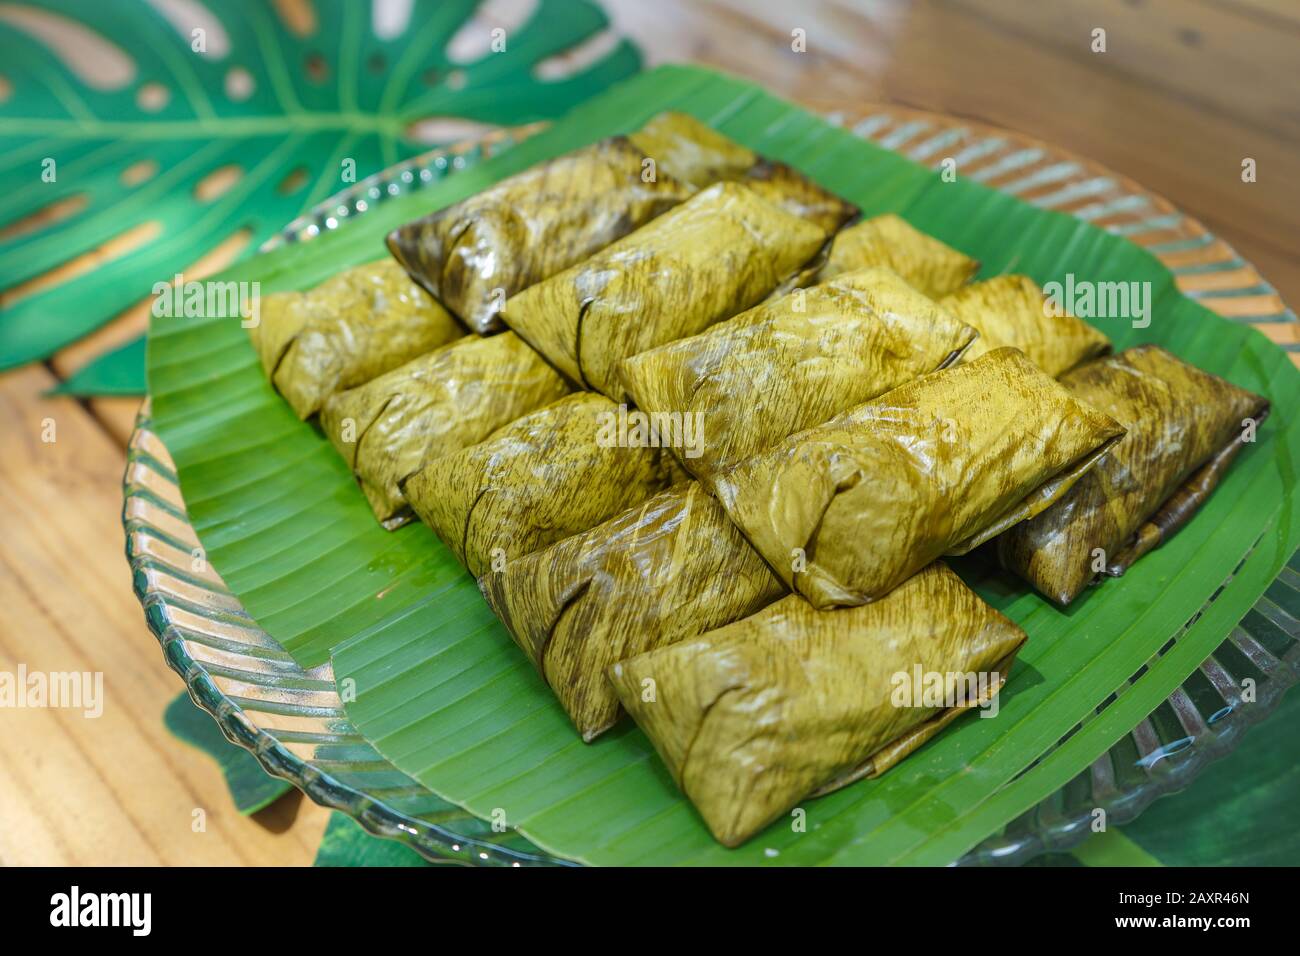 Khao tom matto o fagiolo mung al vapore con riso appiccicoso è il dessert tailandese locale e trandition. È avvolto da una foglia di banana. Foto Stock
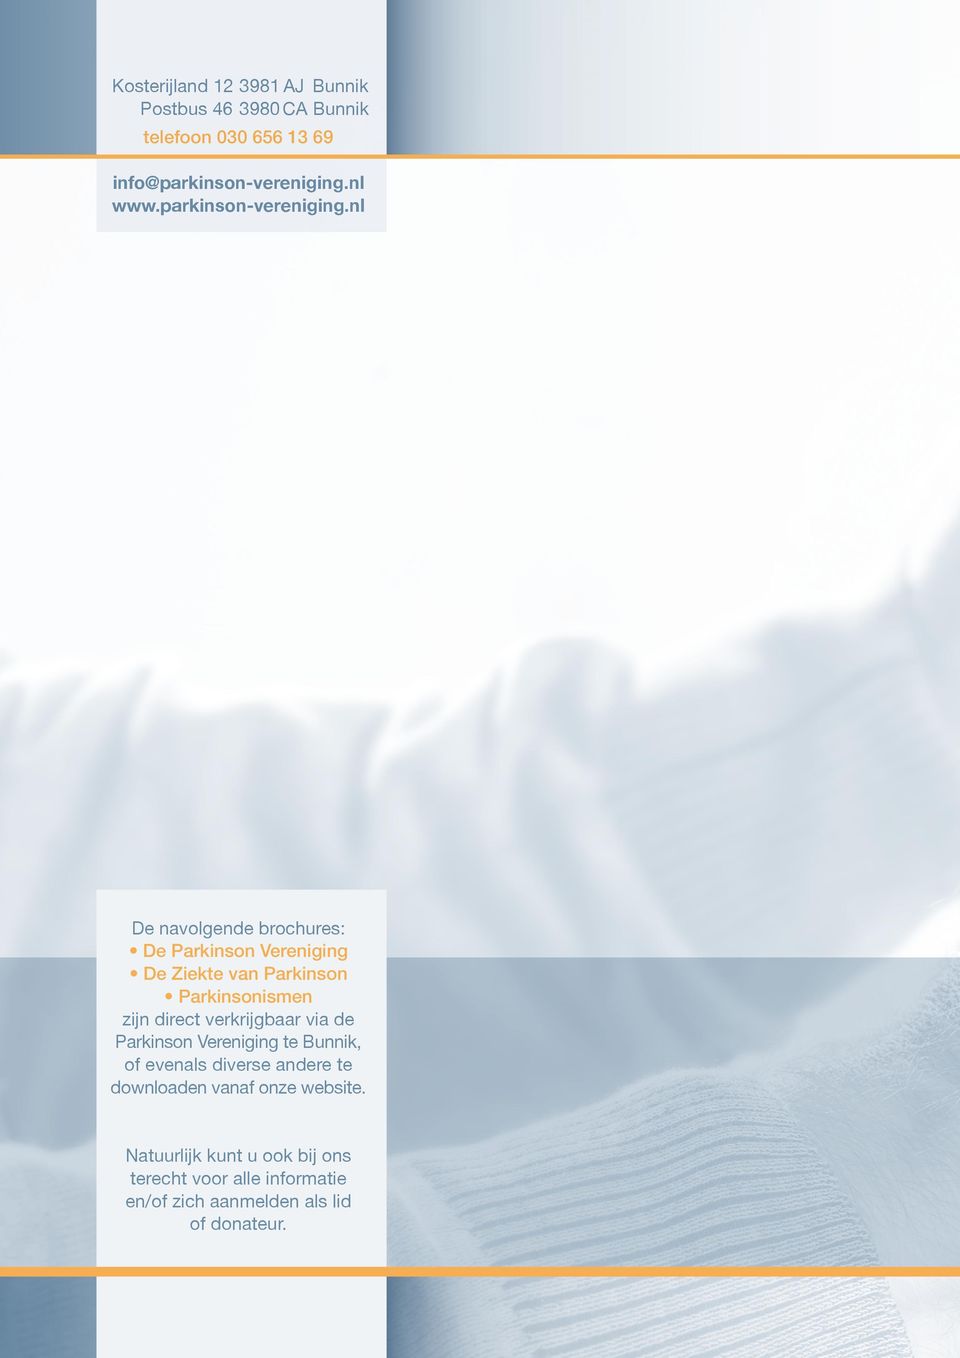 nl De navolgende brochures: De Parkinson Vereniging De Ziekte van Parkinson Parkinsonismen zijn direct
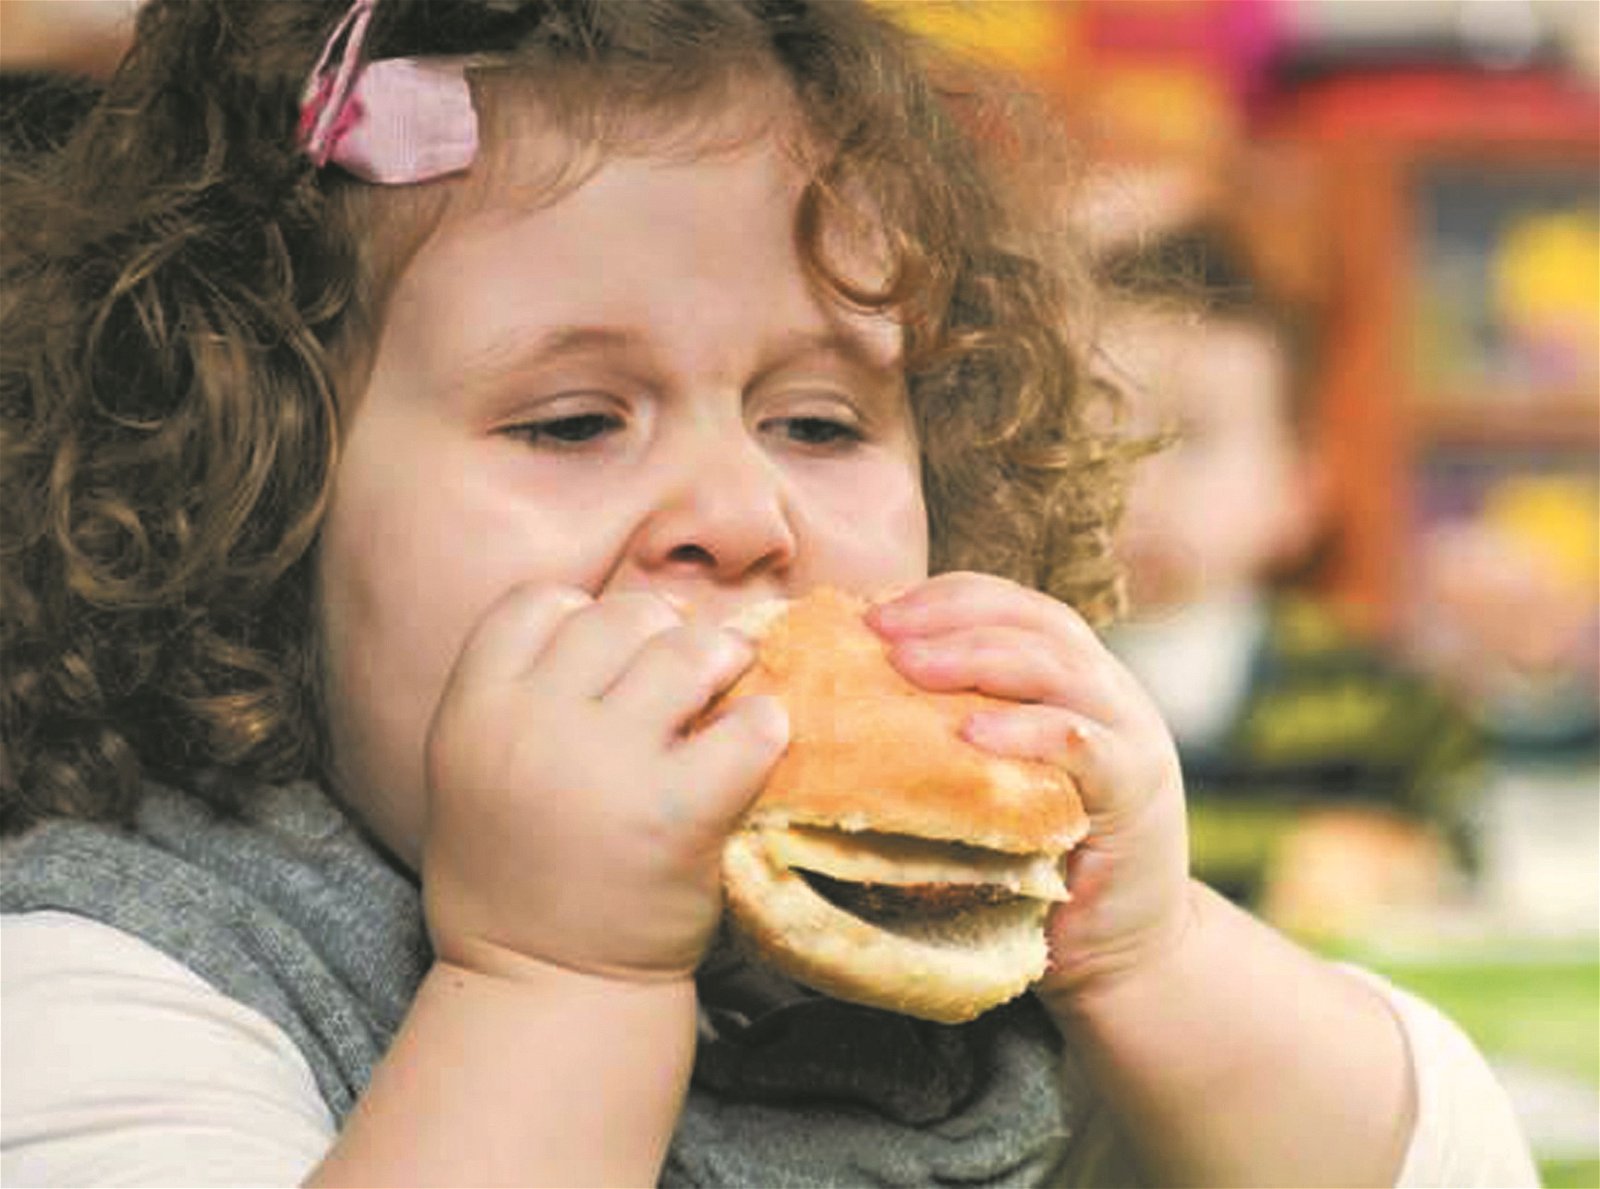 世卫报告对全球痴肥儿童人数敲响警钟，警告情况若不改善，到2022年全球儿童和青少年肥胖人数将超过中重度消瘦的人数。图为一名超重儿童大口吃著汉堡。
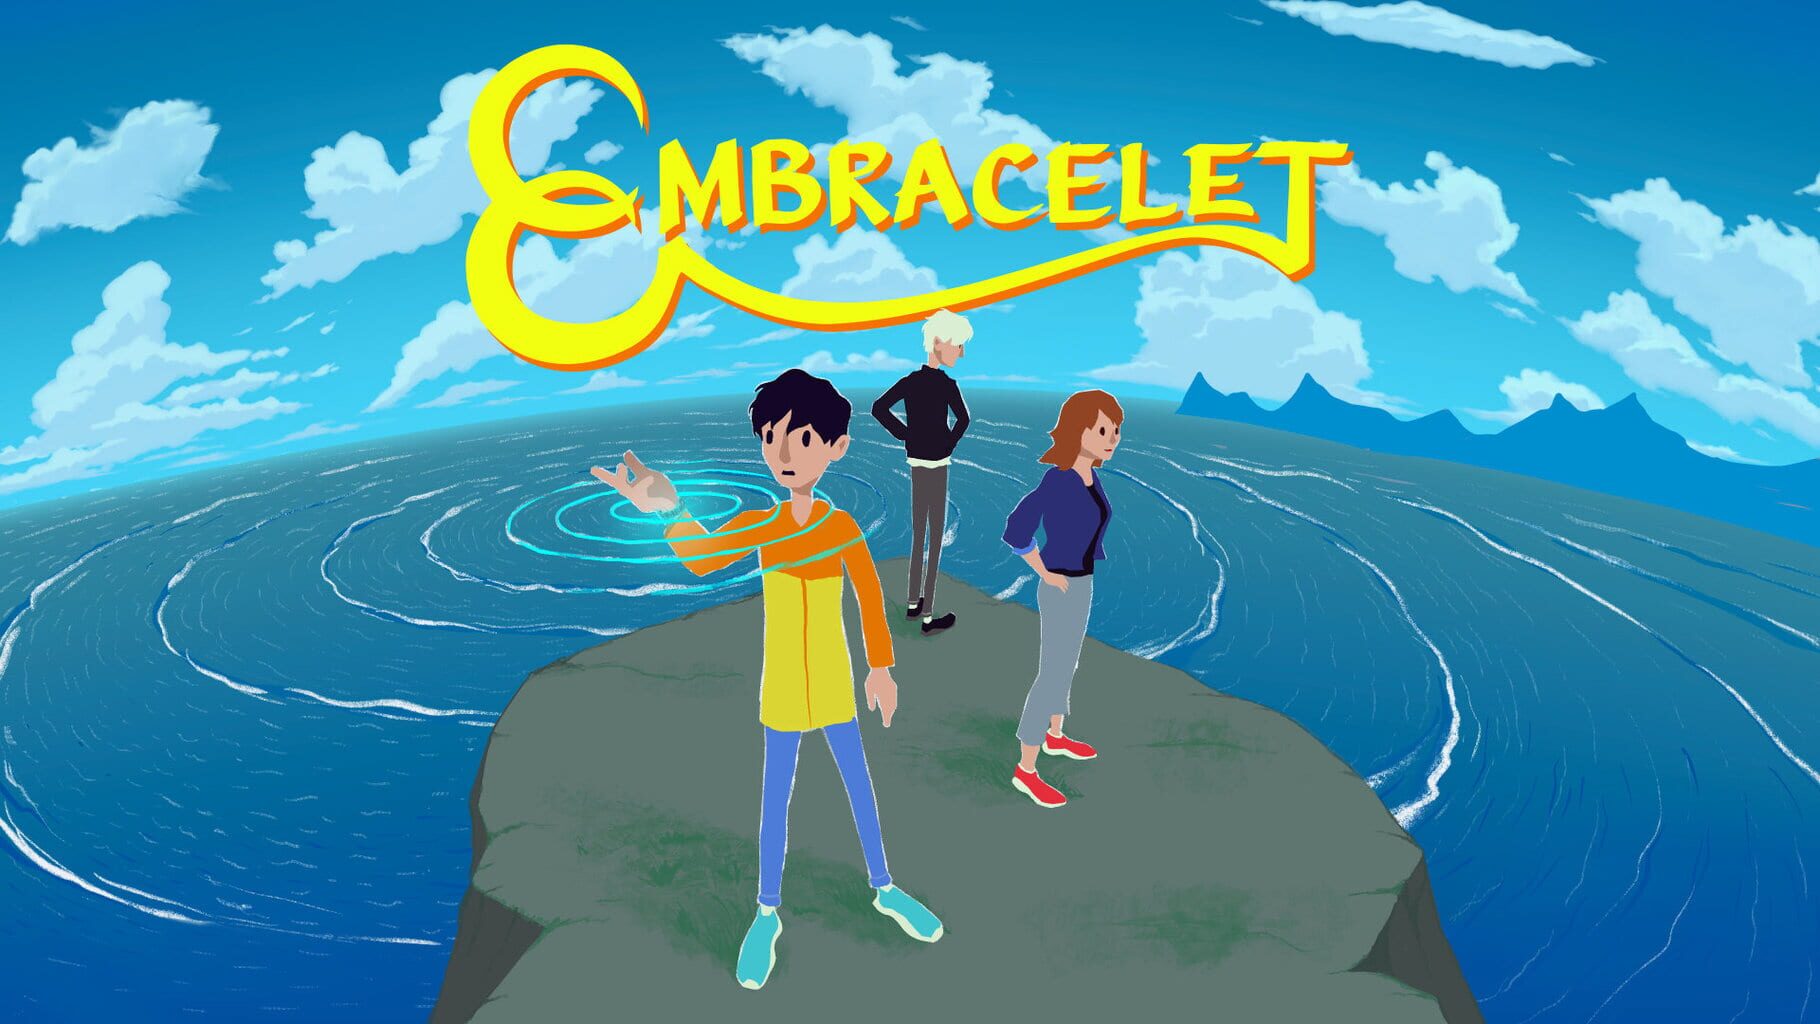 Embracelet artwork
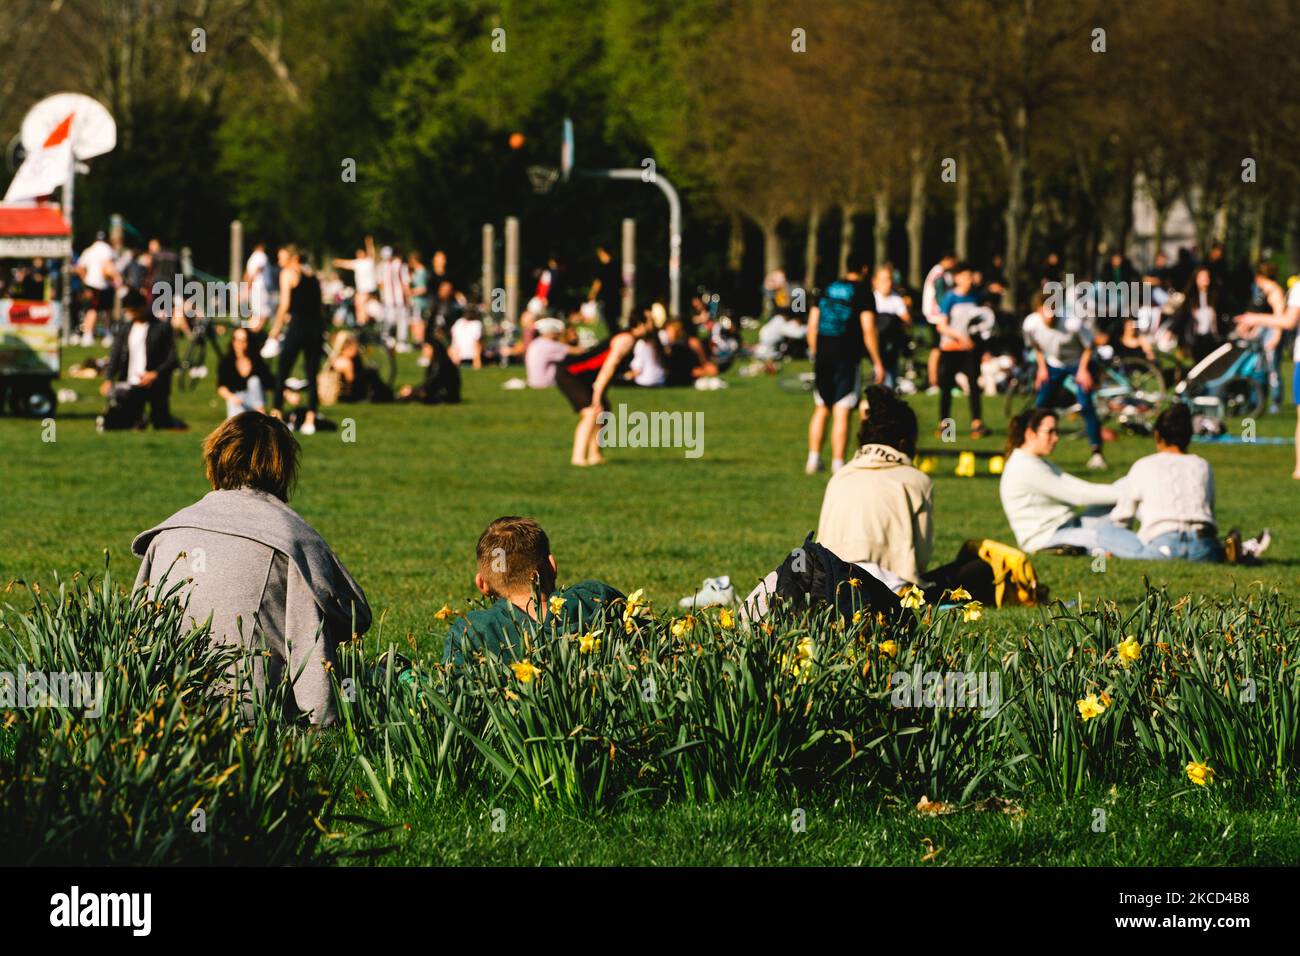 Die Menschen entspannen sich im Innerer Grünguertel Park, während das frühlingshafte Wetter in Köln am 20. April 2021 19 Grad Celsius erreicht (Foto: Ying Tang/NurPhoto) Stockfoto

EXERCISE DIRECTIONS: Copy out nothing but the lines from the beginning of the records through the one that contains "nl De navolgende". Skip the pictures.

EXERCISE ANSWER:
 Khao tom matto o fagiolo mung al vapore con riso appiccicoso è il dessert tailandese locale e trandition. È avvolto da una foglia di banana. Foto Stock
 nl De navolgende brochures: De Parkinson Vereniging De Ziekte van Parkinson Parkinsonismen zijn direct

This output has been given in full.